Newsletter – October 2021

Newsletter – October 2021

Exemptions from minimum franchise/annual tax

(3.5-minute read)

FTB notices may lead taxpayers to pay the tax even though they are exempt.

Recently we’ve seen clients receiving notices and information from the FTB stating that they owe the $800 minimum franchise/annual tax even though they qualify for an exemption. This seems to be occurring in two different scenarios:

  • Information notices sent to LLCs that formed in 2021; and
  • Requests for returns for corporations and LLCs that formed within the last 15 days of a tax year.

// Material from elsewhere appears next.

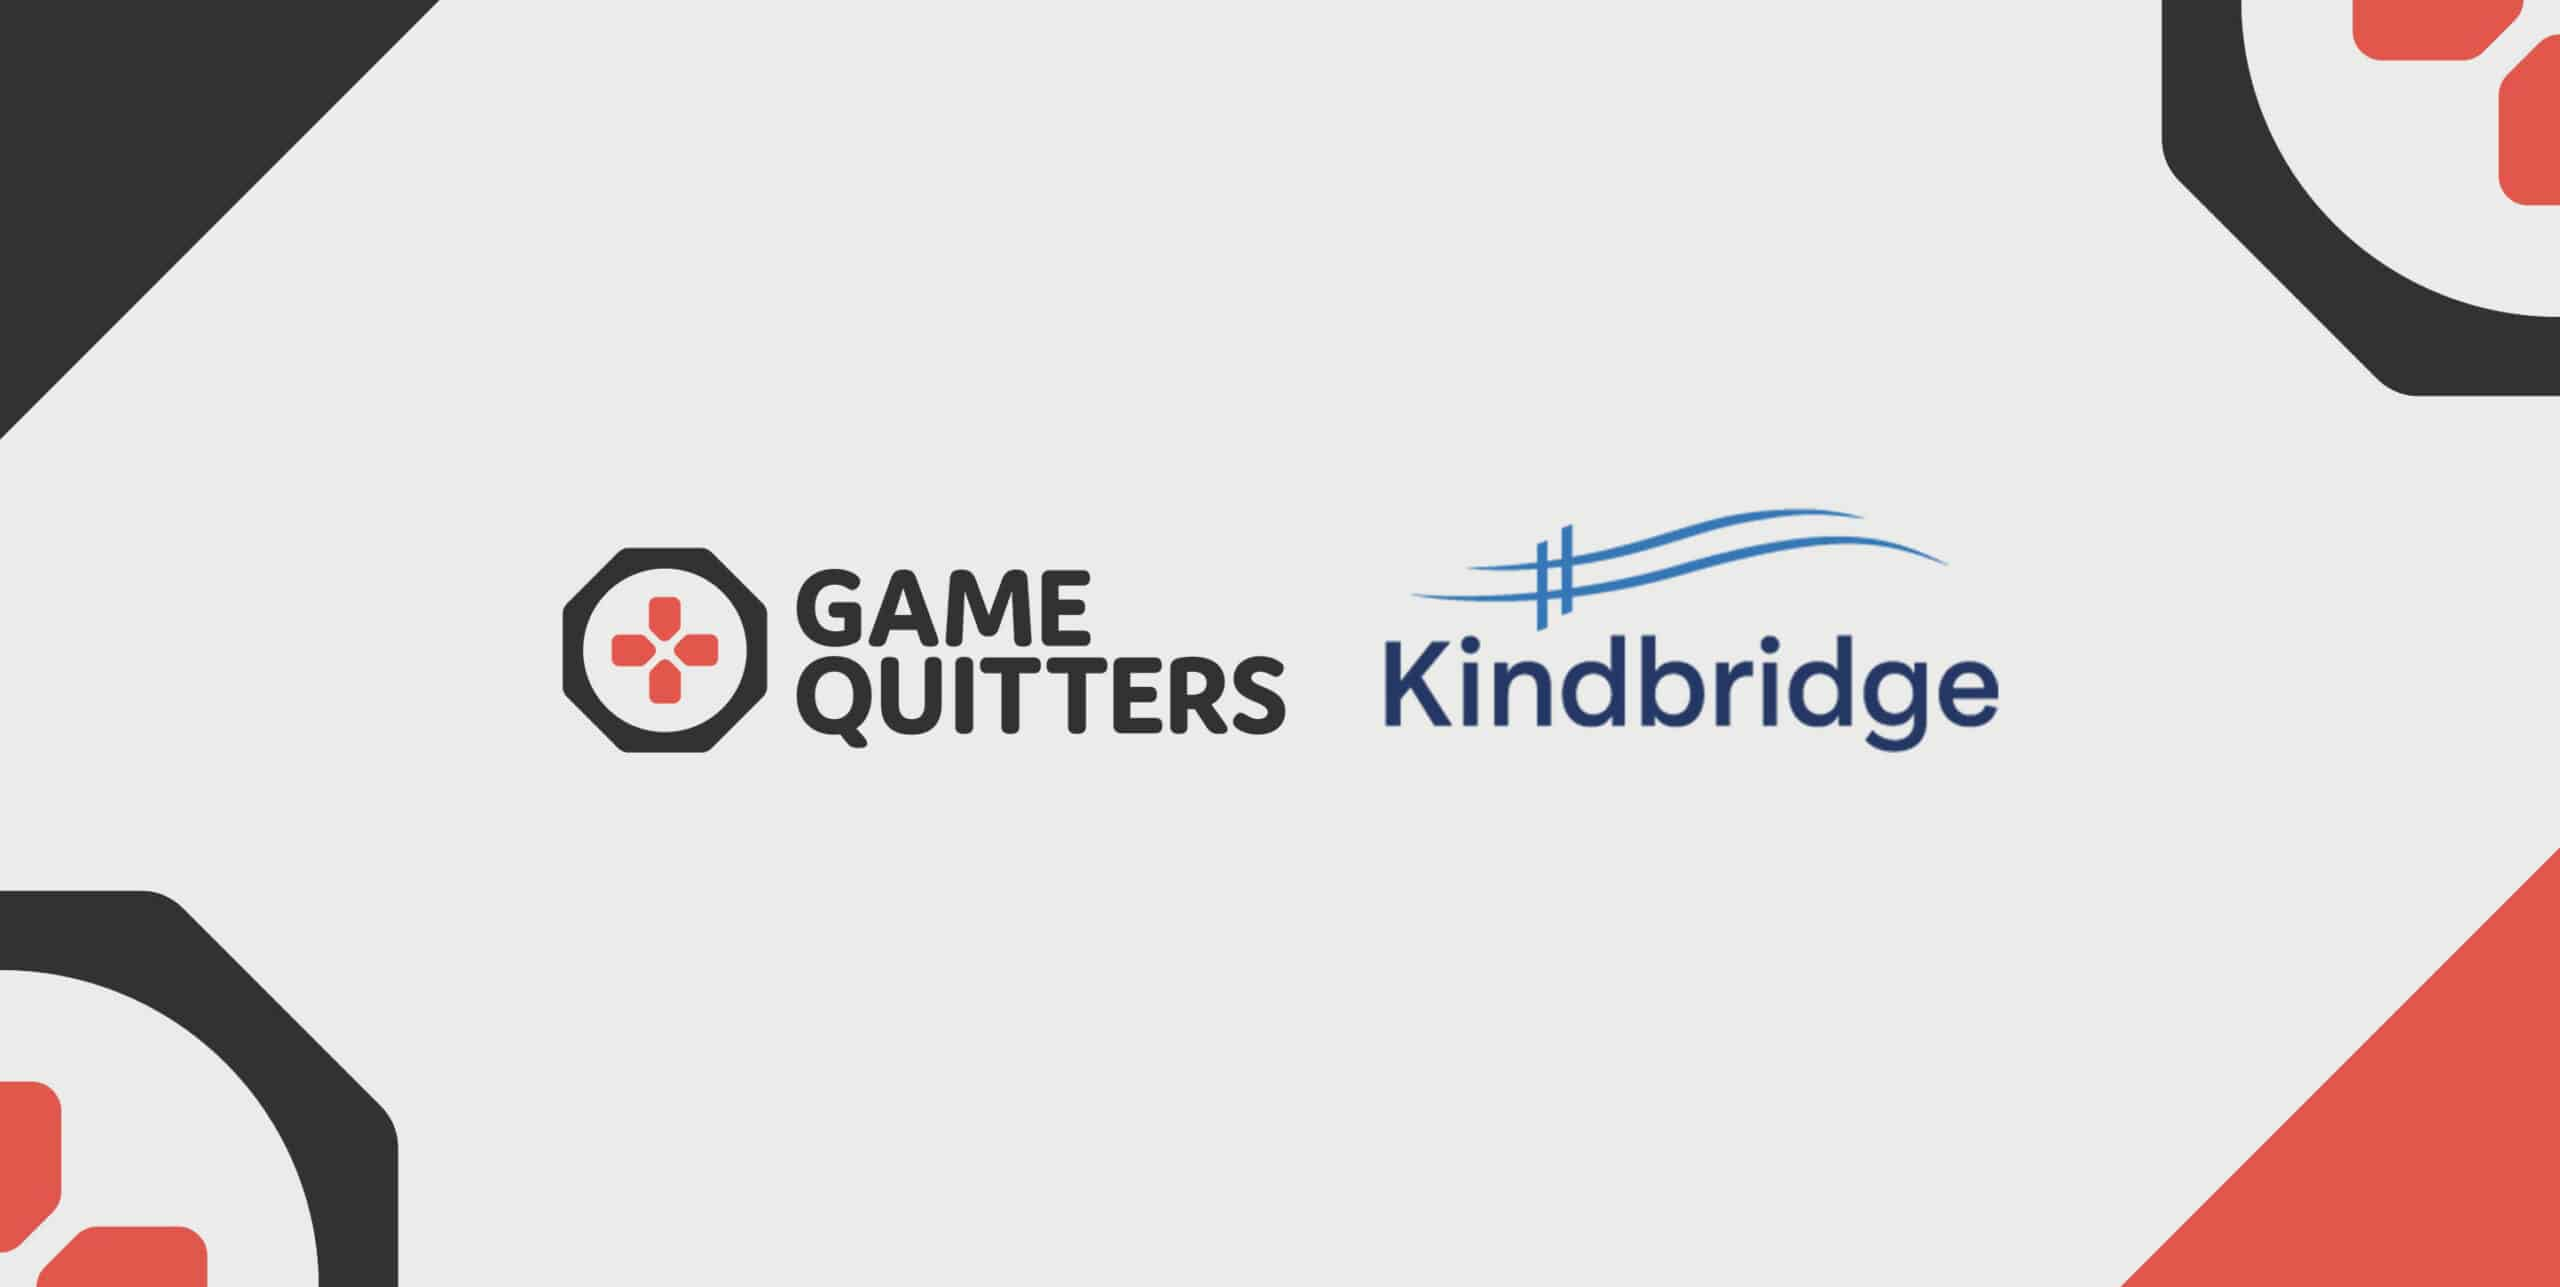 Game Quitters Kindbridge

In addition to the confusion caused by the initial notices, there have been some processing delays causing additional concerns.

 

First-year exemption

Legislation enacted last year exempts LLCs from paying the $800 annual tax during their first year if they organize or register with the California Secretary of State’s (SOS) office during 2021 through 2023. Prior to 2021, the first-year exemption was only available to corporations.

Unfortunately, the FTB is automatically sending a Form FTB 5954, Requirements for Limited Liability Companies, to LLCs that organized or registered with the SOS during 2021. The notice states that it is not a tax bill, but “describes tax, fee, and filing requirements for LLCs.” The notice states that all LLCs doing business in California or organized or registered with the SOS must pay an $800 annual tax to the FTB and makes no reference to the first-year exemption. Many of our clients are receiving this information from the FTB and feel that they must pay the $800 for the first year.

We have raised this issue with the FTB, and they have stated they will modify the notice. Also make sure that, if you organized during 2021, you didn’t send a check after you received this notice from the FTB. If you did, a refund claim should be filed.

 

Forming in the last 15 days

California law also exempts corporations and LLCs from filing a return and paying the $800 minimum franchise and annual tax if:

  • They did no business in California during the taxable year; and
  • The taxable year was 15 days or less.

A corporation or LLC that forms during the last 15 days of the year in preparation to begin operations in the following year is not required to file a return or pay the $800 tax.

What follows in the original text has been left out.